Unemployment at its lowest rate since 1975, skill shortages and signs that employers were resorting to higher wage offers to lure staff from rival firms or stop them from leaving would also create inflation pressure.

“It’s not wages suddenly bursting away, but it gives you a modest upside risk,” said McCafferty, whose term at the central bank ends in August.

And the “jury is still out” on whether the inflationary hit from the fall in the value of the pound after the Brexit vote in 2016 would fade as quickly as expected, he said.

“On balance, those three arguments give me some potential modest upside risks to the (inflation) forecasts,” McCafferty said.

While the BoE had been wrong in the past about wages finally gaining momentum, labor market surveys so far this year showed that the recent recovery in the headline rate of growth of pay to nearly 3 percent looked more sustainable this time, he said.


Often called one of the BoE’s most hawkish policymakers, McCafferty said there had been a case for following up November’s rate move with another hike as early as February.

But he held off to avoid surprising households who had been told by the BoE that it plans to raise rates only gradually.

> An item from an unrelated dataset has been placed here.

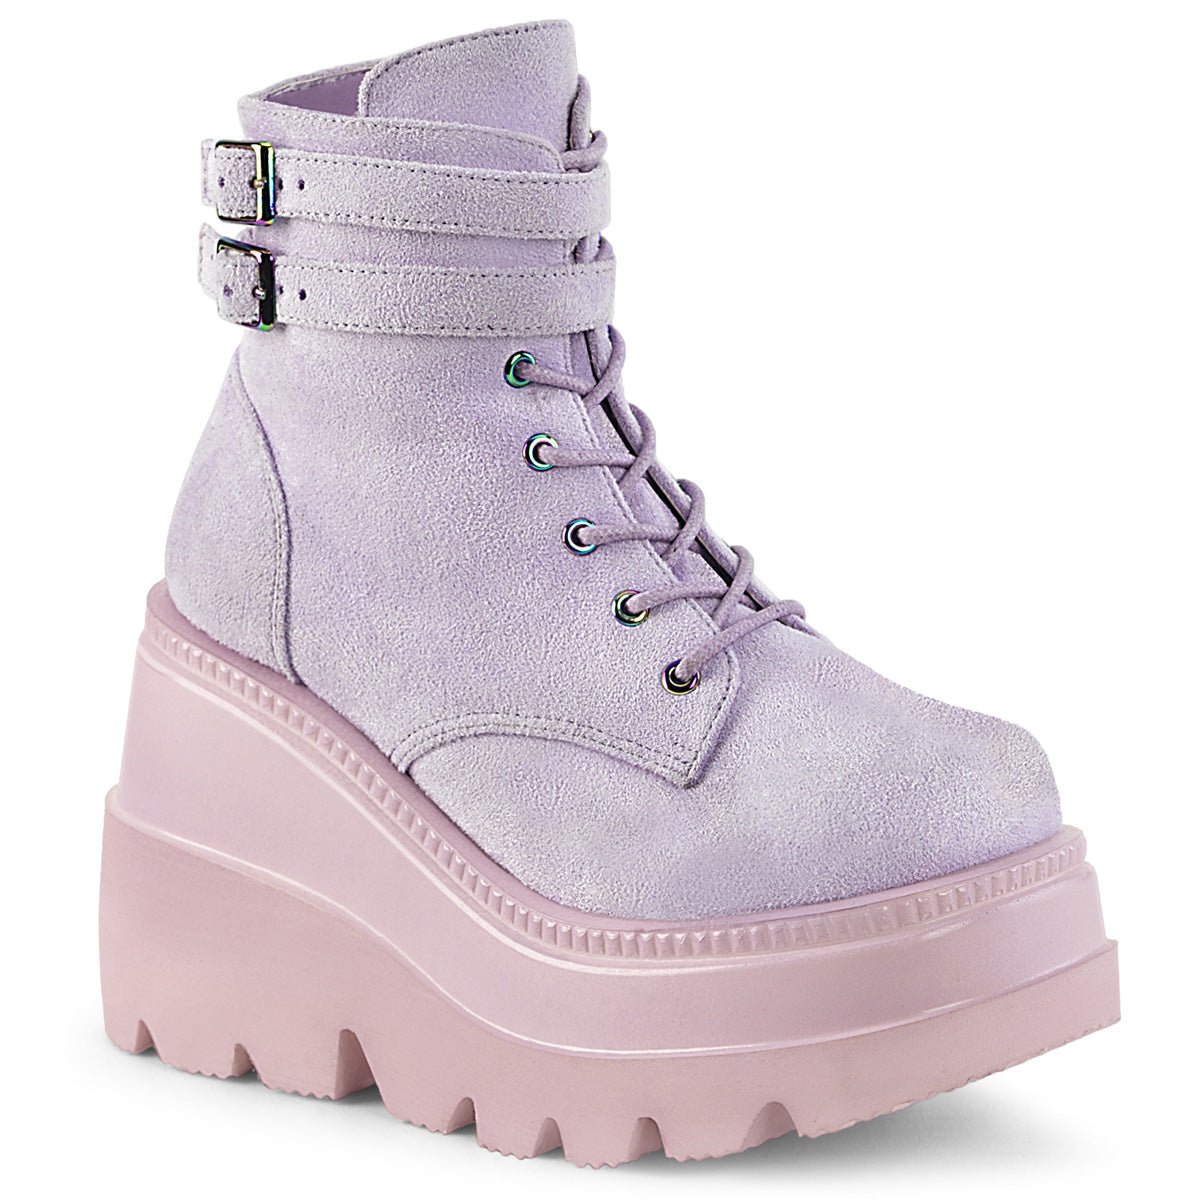 Too Fast | Demonia Shaker 52 | Lavender Vegan Suede Women's Ankle Boots

McCafferty said he did not think the BoE should provide more detailed guidance on the future level of rates, such as the individual forecasts given by U.S. central bankers.

“My worry as a forecaster always has been that when we make a forecast it is taken as absolute certainty, gospel truth,” he said.

Typically the BoE indicates its thinking by giving forecasts for inflation based on rates staying unchanged and based on the path expected by financial markets. If the BoE forecasts above-target inflation, that shows rates may need to rise.

Last month Gertjan Vlieghe, a fellow MPC member, was unusually specific when he said he expected rates to rise by 0.25-0.50 percentage points a year for the next three years.

On Brexit, McCafferty said British exporters remained in “a sweet spot”, helped by the weakness of the pound while concerns that they might lose business with supply chain customers elsewhere in the EU had so far proven overdone.

But there were signs that British companies were wary about making long-term investments, and potential Brexit stumbling blocks would remain, he said.

“That’s going to be a permanent feature of the landscape,” McCafferty said.